• _TASK STATEMENT_: From the entries below, reproduce exactly the lines from the one with "レンズお客様降雨MITSUBISHI 27型三菱液晶ディスプレイ RDT272WLM-A(BK)" through the one with "Ger van Elk_Piece", both included, without images.

--- MATERIAL SUPPLIED Enclosed Below ---

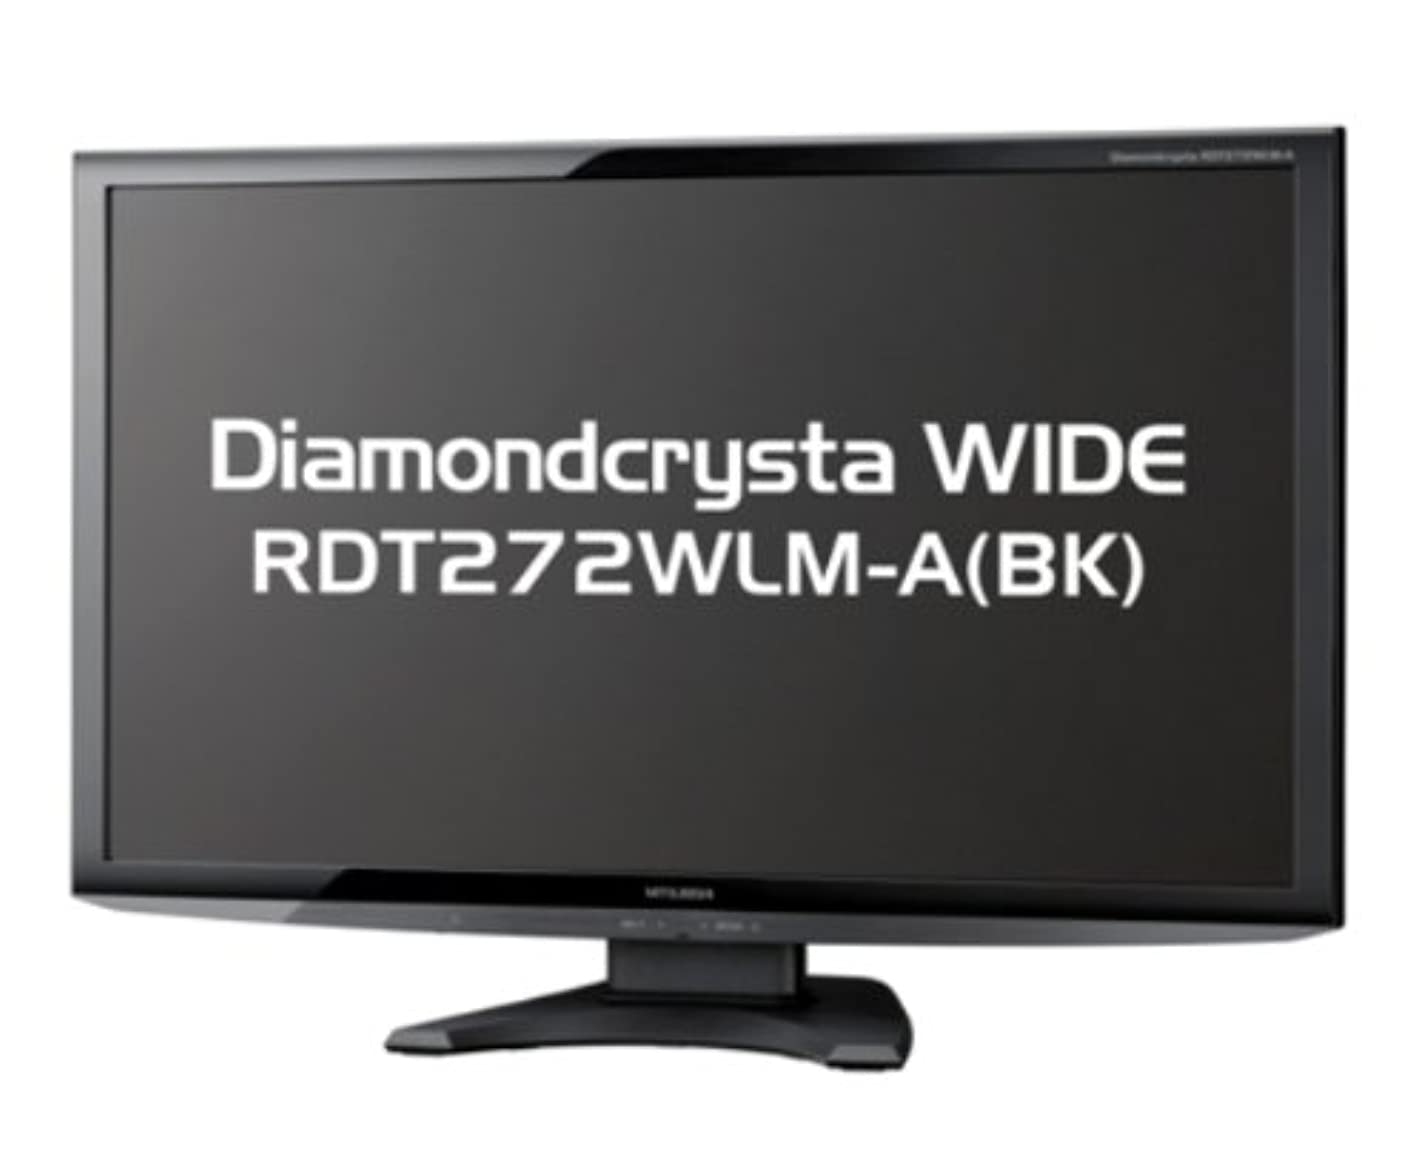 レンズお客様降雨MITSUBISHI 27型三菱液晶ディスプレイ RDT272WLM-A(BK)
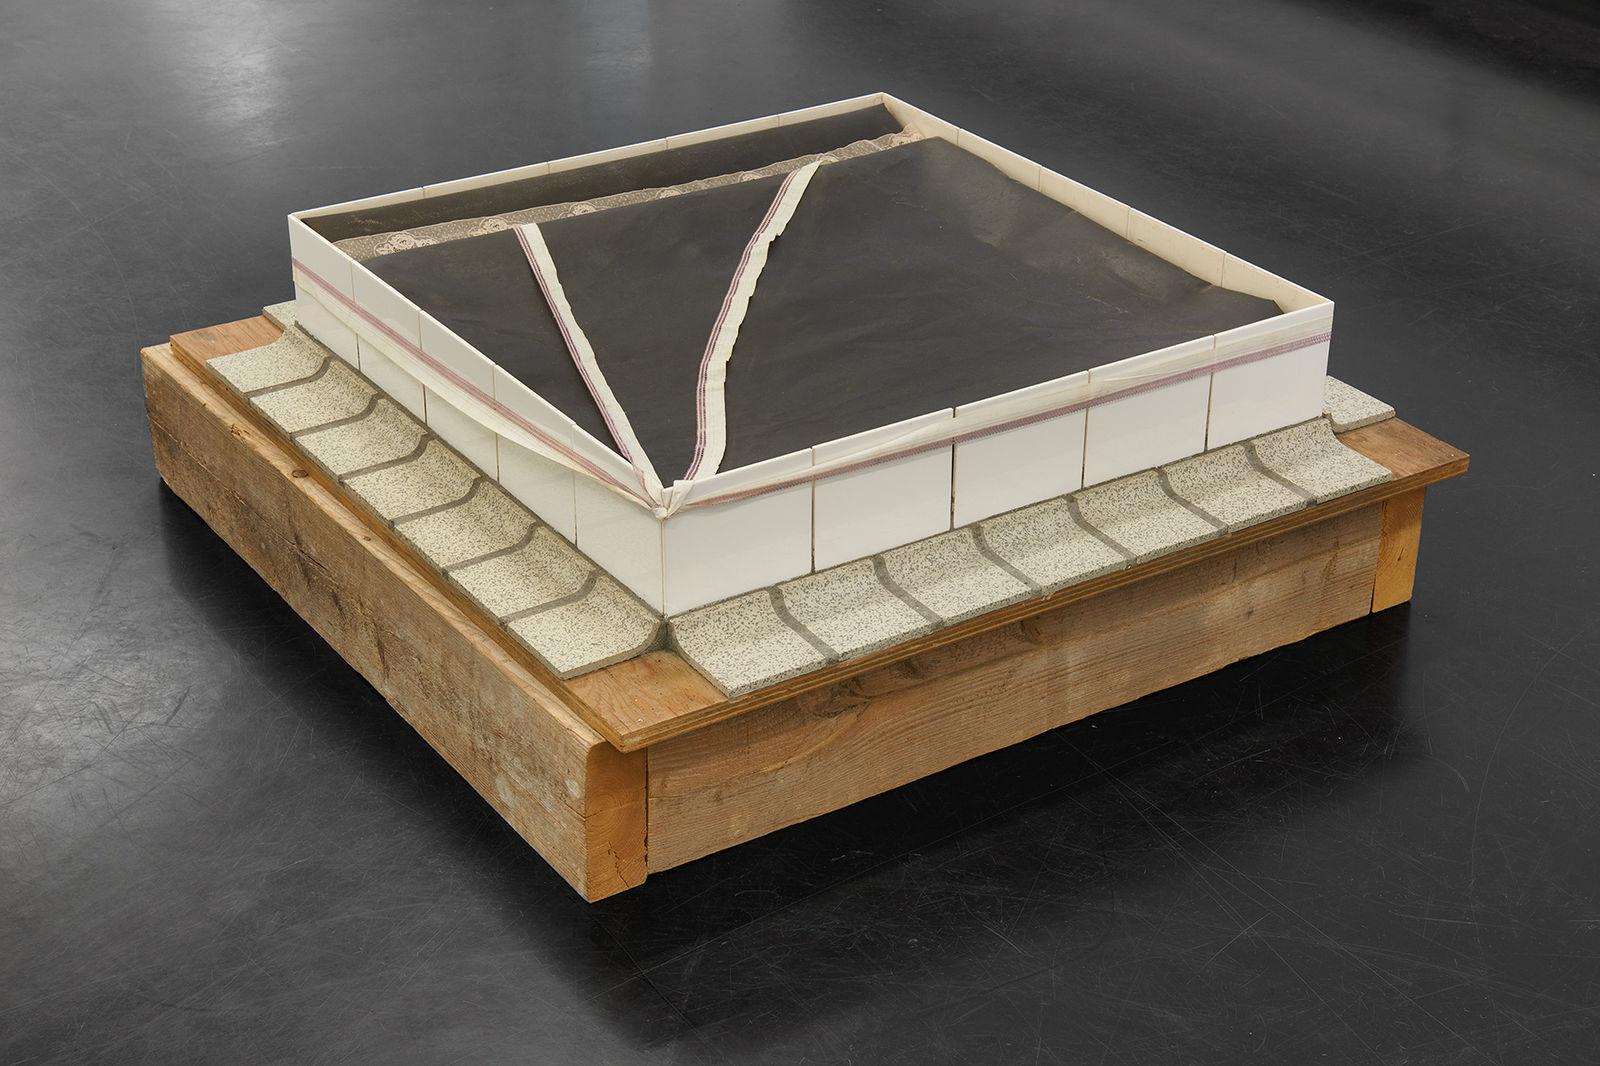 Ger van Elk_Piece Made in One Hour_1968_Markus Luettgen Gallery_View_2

--- End of Enclosed MATERIAL SUPPLIED ---
--- MATERIAL SUPPLIED Enclosed Below ---

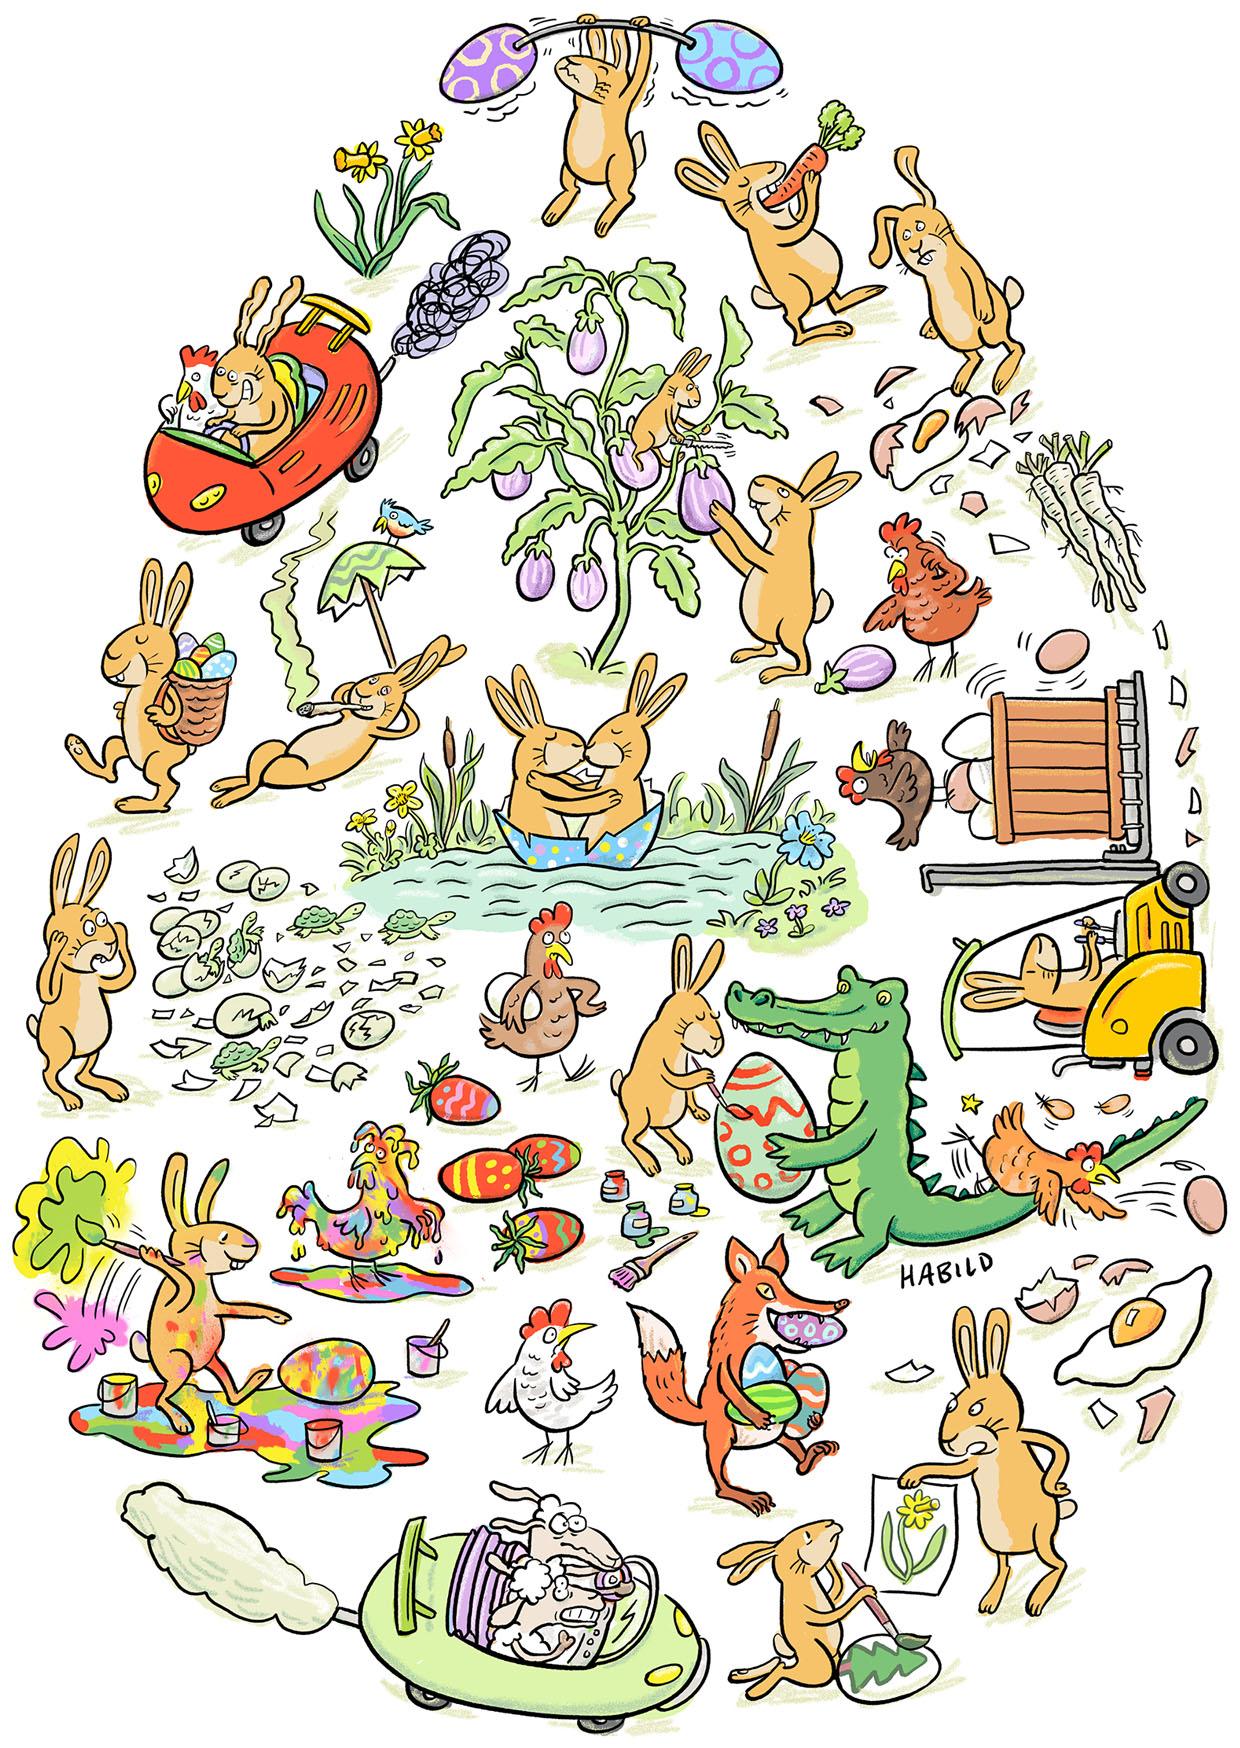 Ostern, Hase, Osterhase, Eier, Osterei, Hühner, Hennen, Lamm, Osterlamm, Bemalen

--- End of Enclosed MATERIAL SUPPLIED ---

• _TASK ANSWER_:
 レンズお客様降雨MITSUBISHI 27型三菱液晶ディスプレイ RDT272WLM-A(BK)
 Ger van Elk_Piece Made in One Hour_1968_Markus Luettgen Gallery_View_2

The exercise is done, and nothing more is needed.